Wer den Chip entwickelt hat

Gestern, am 17. April, habe ich in einem ausführlichen Artikel dargelegt, dass die mRNA-Impfstoffe, auf die Pfizer und Moderna setzen, mit kräftiger finanzieller Unterstützung des Pentagon entwickelt worden sind, den Artikel mit allen Details finden Sie hier. Entscheidend ist dabei die Defense Advanced Research Projects Agency (DARPA), eine Behörde des Pentagon, die quasi als Risikokapitalgeber für neue Technologien zu fungiert, die eine vielversprechende militärische Nutzung erwarten lassen. Dabei wird oft in ausgesprochen ausgefallene Projekte investiert, die nach Science Fiktion klingen, die DARPA scheut bei ihren Investitionen keine Risiken. Nur ein Beispiel: Ein Programm mit dem Titel „Continuous Assisted Performance“ will mit biotechnologischen Mitteln (Implantaten, Manipulation des Stoffwechsels, etc.) erreichen, dass Soldaten bis zu sieben Tage lang wach bleiben können, ohne dabei den Verstand zu verlieren.

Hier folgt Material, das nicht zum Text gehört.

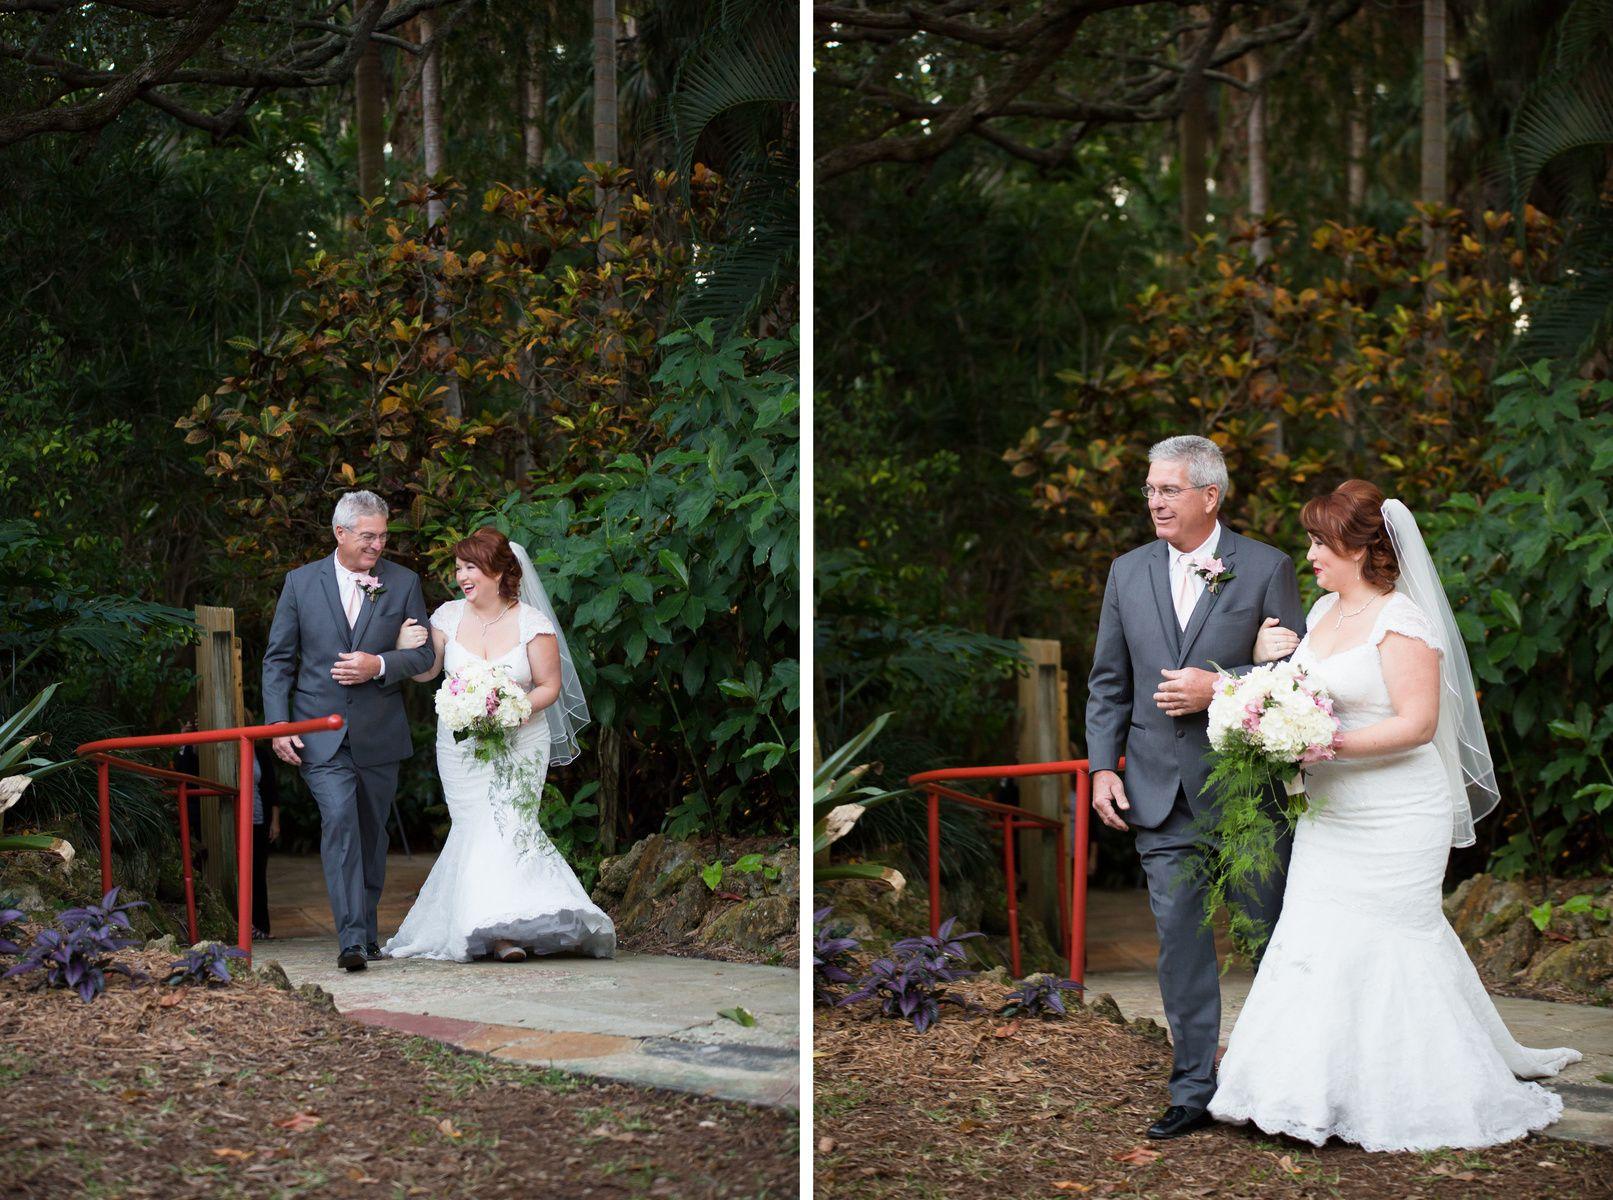 Rachel S Portfolio Rachel Lamb Photography Blog Thea And Jimmy Wedding Blog Photography Rachel Lamb Wedding

Und der Wissenschaftler, den CBS interviewt und der Standard zitiert hat, ist Dr. Matthew Hepburn, ein leitender Mitarbeiter der DARPA. Er hat eine interessante Karriere hinter sich, wie man auf der Seite der DARPA nachlesen kann:

„Colonell Matthew Hepburn kam 2013 als Programmmanager zu DARPA. Seine Bemühungen zielen darauf ab, den dynamischen Bedrohungen neu auftretender Infektionskrankheiten mit potenziellen Auswirkungen auf die nationale Sicherheit zu begegnen.
Bevor er zu DARPA kam, war Colonell Hepburn Director of Medical Preparedness im Nationalen Sicherheitsstab des Weißen Hauses.